The district IT staffs have slowly been losing rights to manage the very network that they built and are being forced to give it to a company who does not know anything about it and has struggled to maintain the same customer service as was had before they took over. Our D.E. told us outsourcing is not the answer but yet they continue to contract everything from fleet maintenance, sign fabrication, signal jobs, ROW functions, and now IT support will be slowly phased out for big fat contracts for the corporate world. And the public is told it will save money. Outsourcing and contracting saves time not money. If TxDOT does not have the man power or the means to complete a project in the needed time then by all means contract it out, but to contract/outsource work that can be done in house is a complete waste of taxpayer money because we all know the private sector paycheck is always way more than a state paycheck and will always cost more in the long run.

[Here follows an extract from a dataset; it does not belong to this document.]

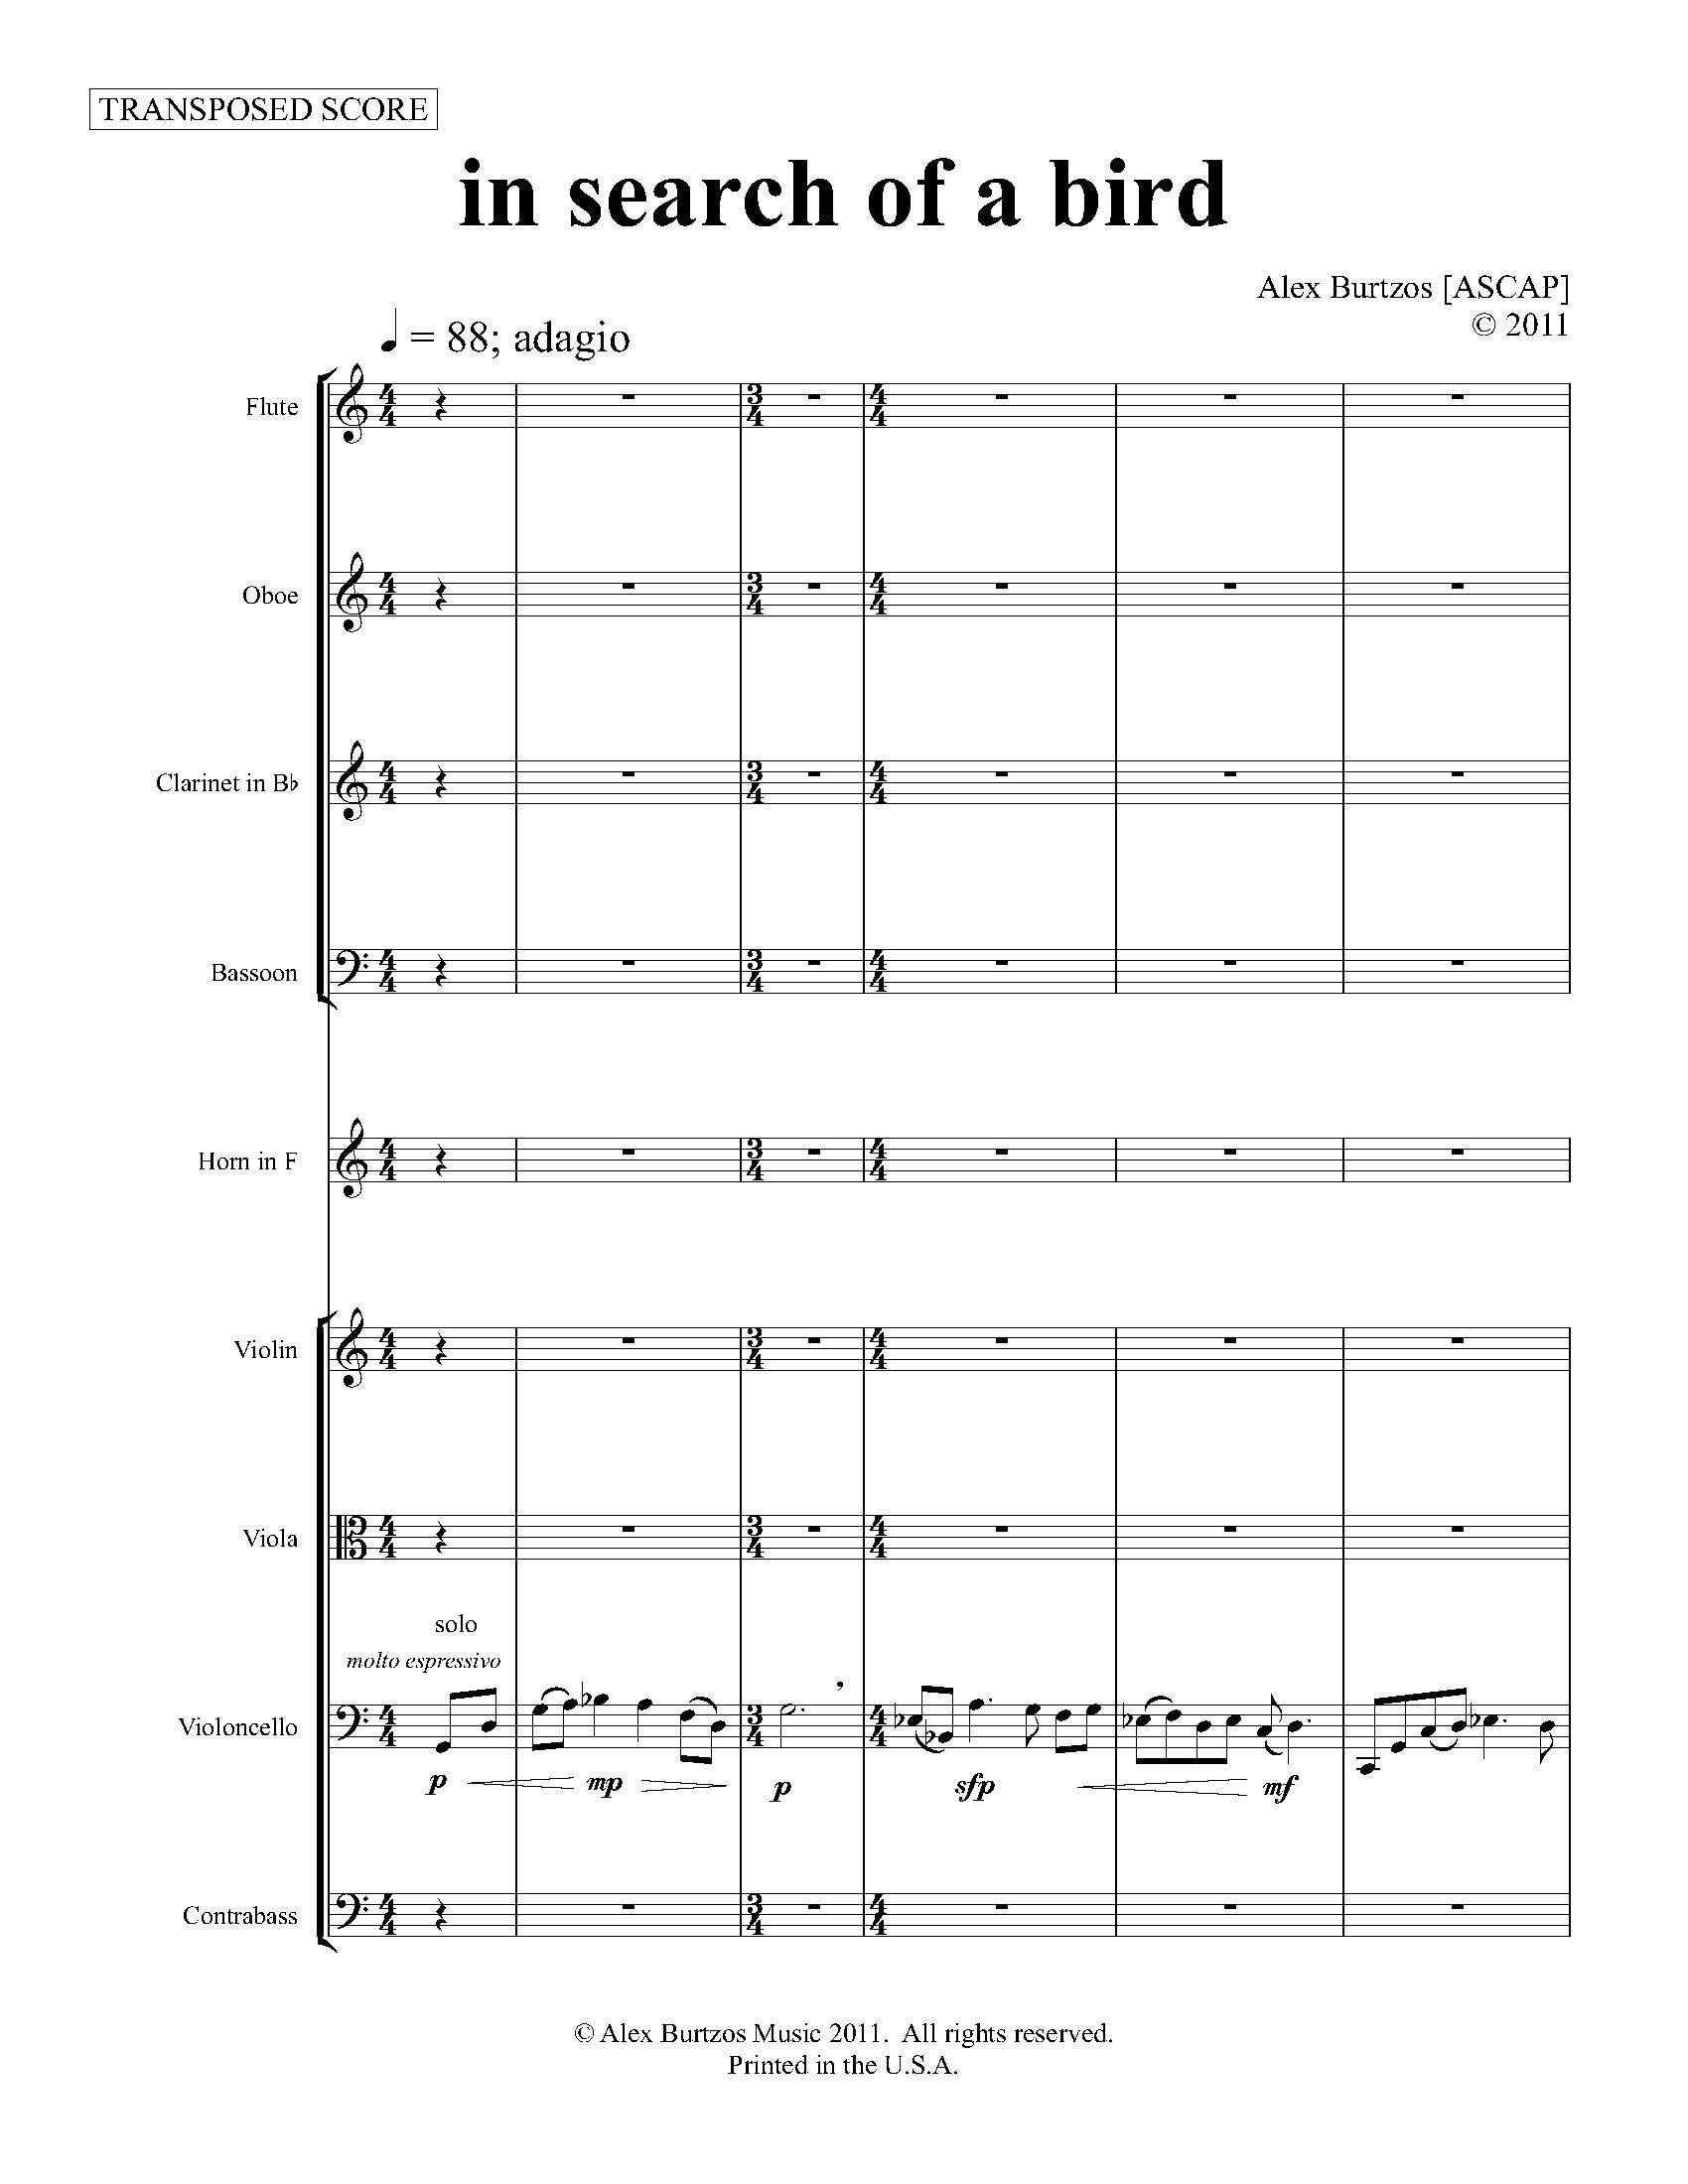 In Search of a Bird - Complete Score_Page_07.jpg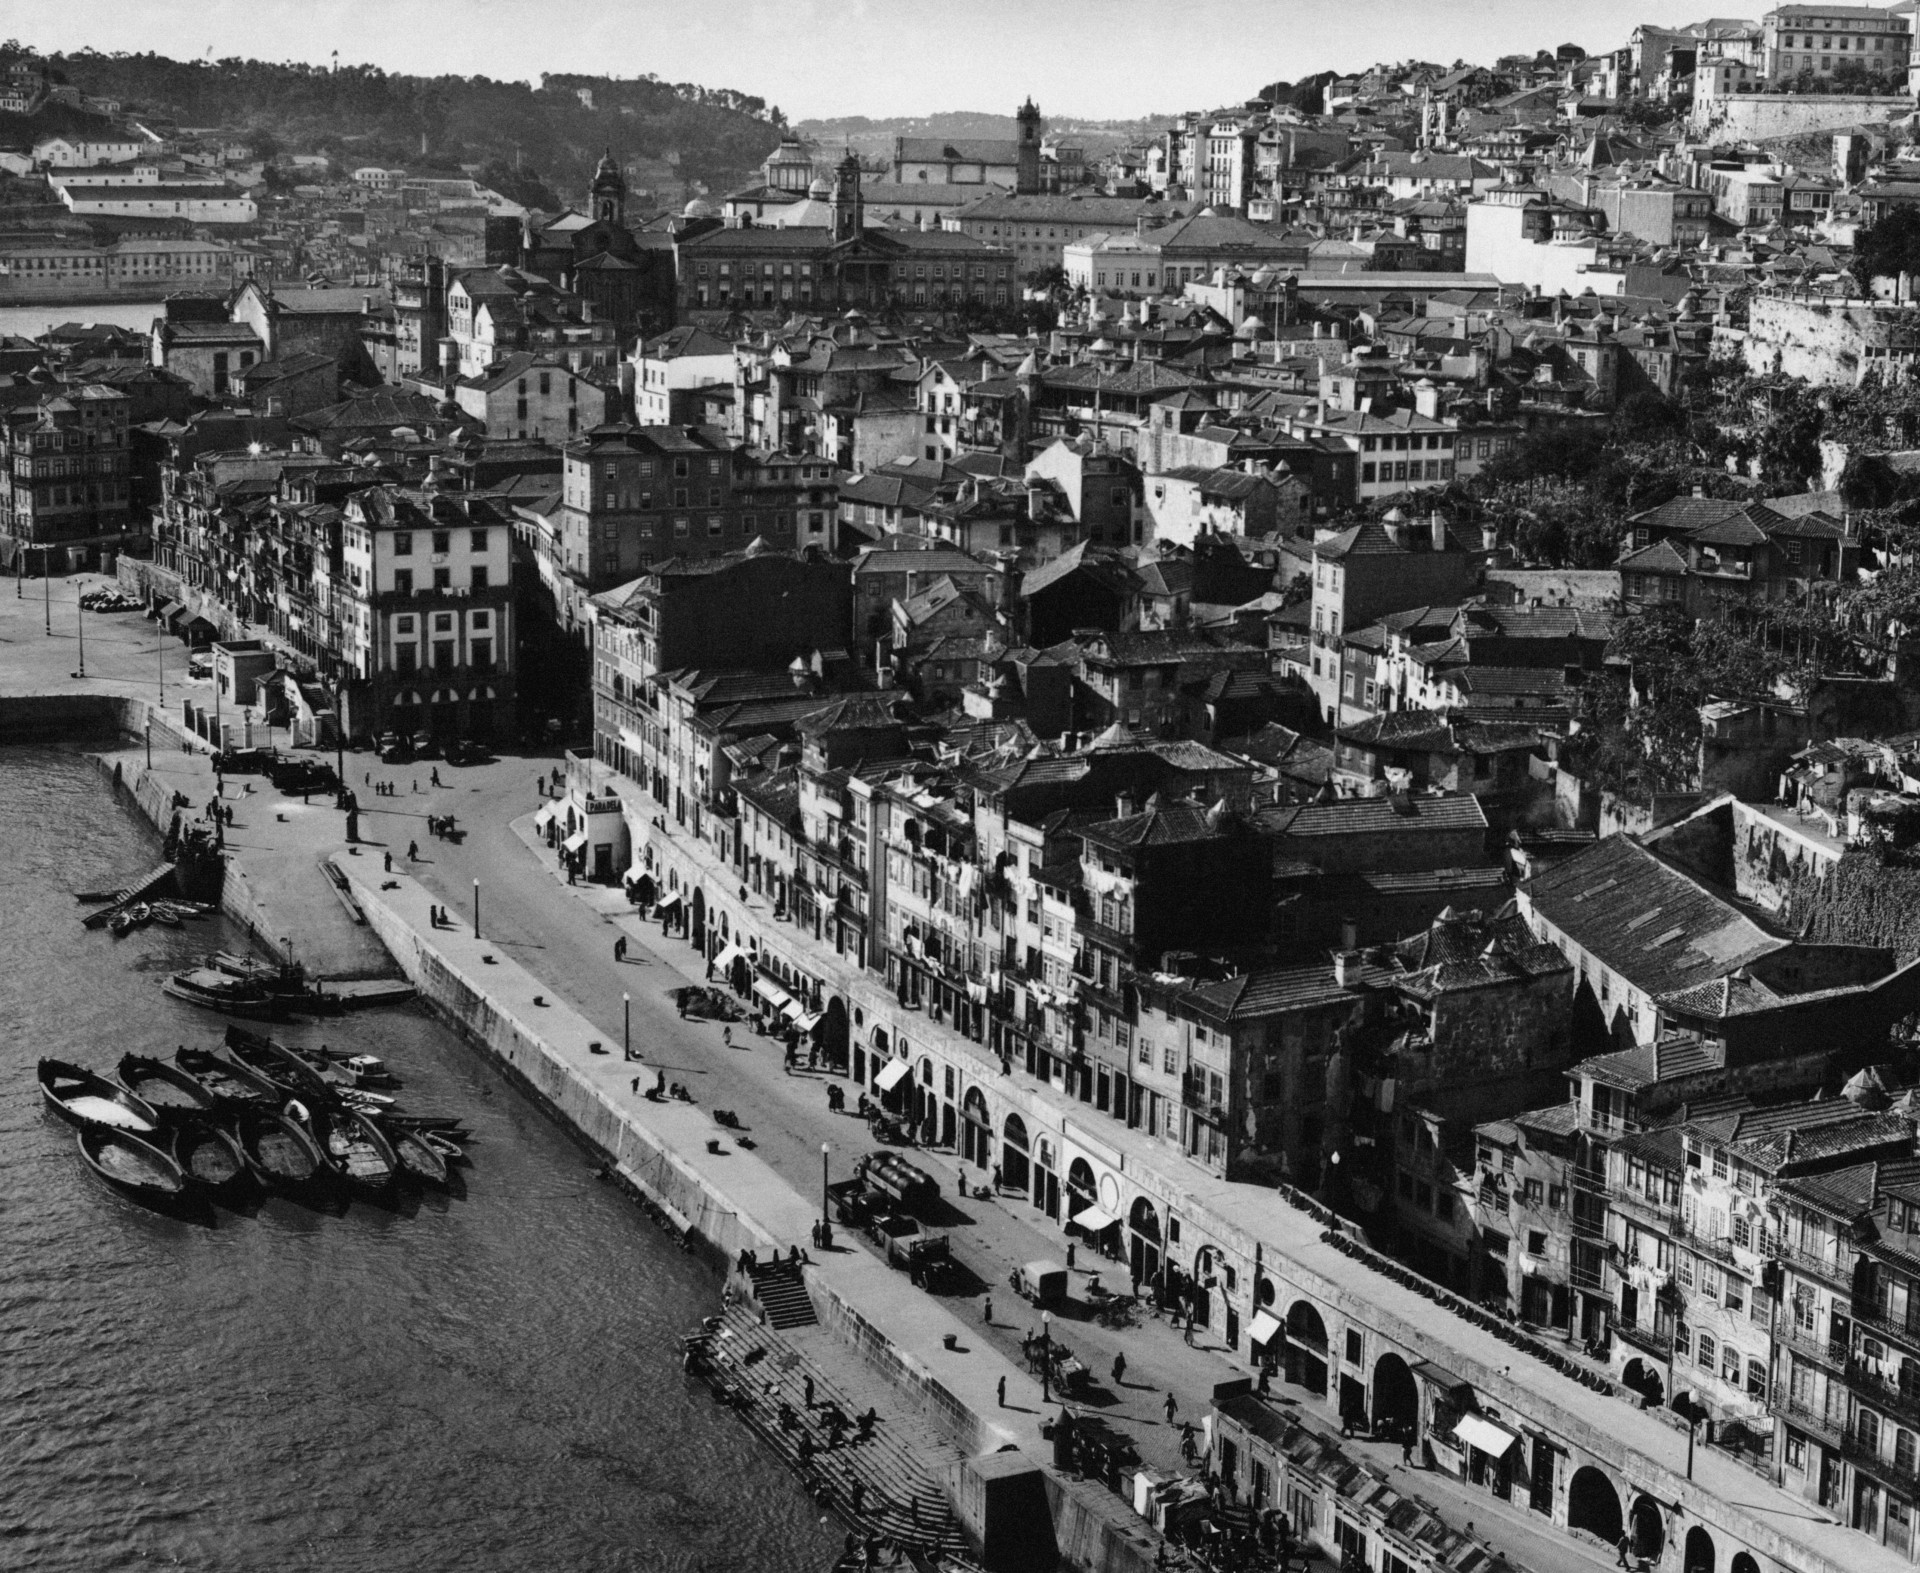 The famous city in the north of Portugal seen in the 1930s.<p><a href="https://www.msn.com/en-us/community/channel/vid-7xx8mnucu55yw63we9va2gwr7uihbxwc68fxqp25x6tg4ftibpra?cvid=94631541bc0f4f89bfd59158d696ad7e">Follow us and access great exclusive content every day</a></p>

Throw out the politicians and get TxDOT back to the way it was back in the day. Improve and expand our existing infrastructure and get off this toll road bandwagon as the public does not want it. After all who do we work for.

Anonymous said...

I came to work at TxDOT for the reputation that they had for being like a family, for having job security, and insurance for my family. I could easily make alot more money in the private sector but I truly love my work and my fellow co-workers, money is not everything. I have been shocked by what has been going on at the upper ranks of TxDOT. Over the past year or so the employees seem to have a feeling of hopelessness as they slowly watch there job become some corporate giants bonus check or a function they had is contracted out to a design firm with a TxDOT contract. I have watched this organization go from a streamlined, efficient, customer focused "HIGHWAY DEPARTMENT" with dedicated employees from top to bottom (just look at the district retirement walls) to a corrupt, contract happy, confused, "Corporate/Political Train Wreck" with huge turnover. It used to be that no one would want to leave the highway department. Now they can't keep anyone but highly paid engineers and directors. Why? Well maybe because they want to contract everything out...is that not what Perry wants? Here is an example of a job opening within TxDOT. A signal technician regardless of experience would come in making roughly $22000 per year. I have seen these guys in the middle of intersections, 30 feet up in the air, risking there life repairing signals in rush hour traffic. Then you have Engineer positions that have a pay range from $8000 to $13,000 per month. So we have an engineer that works 2 months and makes as much as a guy risking his life on a daily basis does in a year. Don't get me wrong some of the Engineers at TxDOT earn what they make but you can't get quality dedicated employees if you keep feeding the upper ranks the best food and the lower level employees the leftovers. You do not need an MBA to see what is wrong with TxDOT. In my opinion it would be an easy fix. Agree with above statement: Adjust the top ranking TxDOT salaries and put them on notice to stop the under the table political contract deals. This would with out a doubt save way more than 35 million by cutting 1100 jobs. Trust me I have seen the salaries and the amount of these ridiculous contracts.

Anonymous said...

Everything you're saying and then some! Have you heard the new "buzz phrase" the regionalization ppl have come up with? Get ready...here it comes..."Equally busy"...Yep, that's right..."Equally busy." I wonder how many thousands of dollars a consultant made from TxDOT to come up with THAT jewel! If you're a TxDOT employee like me, all I can say is Bend Over, and hang on, 'cause here it comes! Don't think that this will stop with HR, Accounting, Shop and Warehouse, Basically, everyone group 14 and under best be looking over their shoulders, because it's gonna get ugly up in here!

Anonymous said...

I'm an engineer with TxDOT and don't even come close to $8,000 dollars a month and I don't know any TxDOT engineer that makes that amount. You must be talking about the engineers that are in administration because the design and construction personnel where I work won't see that kind of money in a lifetime.